MHB Proving Linear Dependence of r1,r2,r3 Given a,b,c ≠ 0

[Suvadip]

Given that
$$r1=2a-3b+c$$
$$r2=3a-5b+2c$$
$$r3=4a-5b+c$$

where $$a, b, c$$ are non-zero and non coplannar vectors

How to prove that $$r1, r2 , r3$$ are linearly dependent?

I have moved with $$c1*r1+c2*r2+c3*r3=0$$
but confused how to show that at leat one of $$c1, c2, c3$$ is non-zero. We only have the information $$a,b,c \neq 0$$ and $$[a b c]\neq 0$$

 

[Evgeny.Makarov]

I'll denote the coefficients by $x_1,x_2,x_3$ instead of $c_1,c_2,c_3$ because the letter $c$ already denotes a vector. Usually the convention is to use, for example, English letters from the beginning of the alphabet possibly followed by subscripts or primes to denote vectors, Greek letters possibly with subscripts or primes to denote real numbers and so on.
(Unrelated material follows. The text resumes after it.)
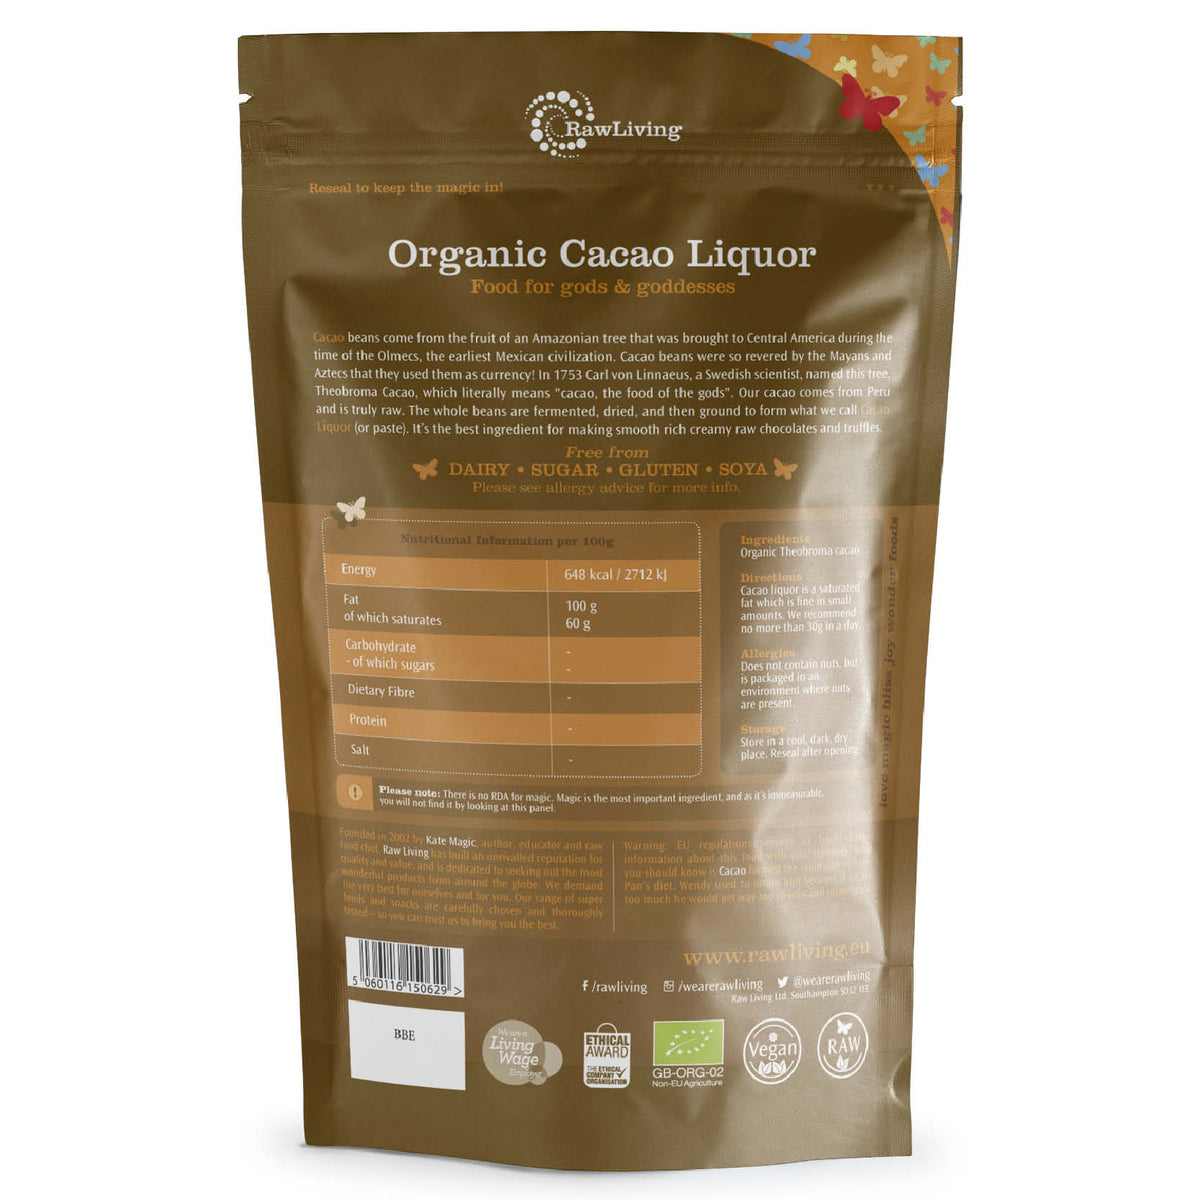 Organic Cacao Liquor Peruvian | Raw Living UK | Raw Foods | Super Foods | Raw Living Raw Organic Unroasted Peruvian Cacao Liquor is made by pressing the whole cacao bean and heating it at very low temperatures until it forms a paste.

You can rearrange the equation
\[
x_1r_1+x_2r_2+x_3r_3=0
\]
to have the form
\[
y_1a+y_2b+y_3c=0\qquad(1)
\]
where $y_1,y_2,y_3$ are some numbers expressed through $x_1,x_2,x_3$. Since $a,b,c$ are non-coplanar and hence linearly independent, (1) happens iff
\[
y_1=y_2=y_3=0.\qquad(2)
\]
Thus you have three equations and three variables $x_1,x_2,x_3$. Since this system is homogeneous (the right-hand side is 0), it has a solution $x_1=x_2=x_3=0$. If there are no other solutions, then no nontrivial combination of $r_1,r_2,r_3$ is 0 and thus the vectors are linearly independent. If there is a nonzero solution to (2), then there exists a nontrivial linear combination of $r_1,r_2,r_3$ that equals zero and so the vectors are linearly dependent.

 

[soroban]

Hello, suvadip!

Given that: .\begin{array}{ccc}r_1&=&2a-3b+c \\ r_2&=&3a-5b+2c \\ r_3&=&4a-5b+c \end{array}

where a, b, c are non-zero, non-coplannar vectors

How to prove that r_1, r_2 , r_3 are linearly dependent?

Show that one of them is a linear combination of the other two.We will show that: .Pr_1 + Qr_2 \:=\:r_3 for some integers P,Q.

. . P(2a-3b+c) + Q(3a-5b+2c) \:=\:4a-5a + c

. . 2Pa - 3Pb + PC + 3Qa - 5Qb + 2Qc \:=\:4a-5b+c

. . (2P+3Q)a - (3P+5Q)b + (P+2Q)c \:=\:4a-5b+c

Equate coefficients: .\begin{Bmatrix}2P + 3Q &=& 4 \\ 3P + 5Q &=& 5 \\ P+2Q &=& 1 \end{Bmatrix}

Solve the system: .P = 5,\;Q = \text{-}2
. . Note: these values must satisfy all three equations.

Therefore, r_1,r_2,r_3 are linearly dependent.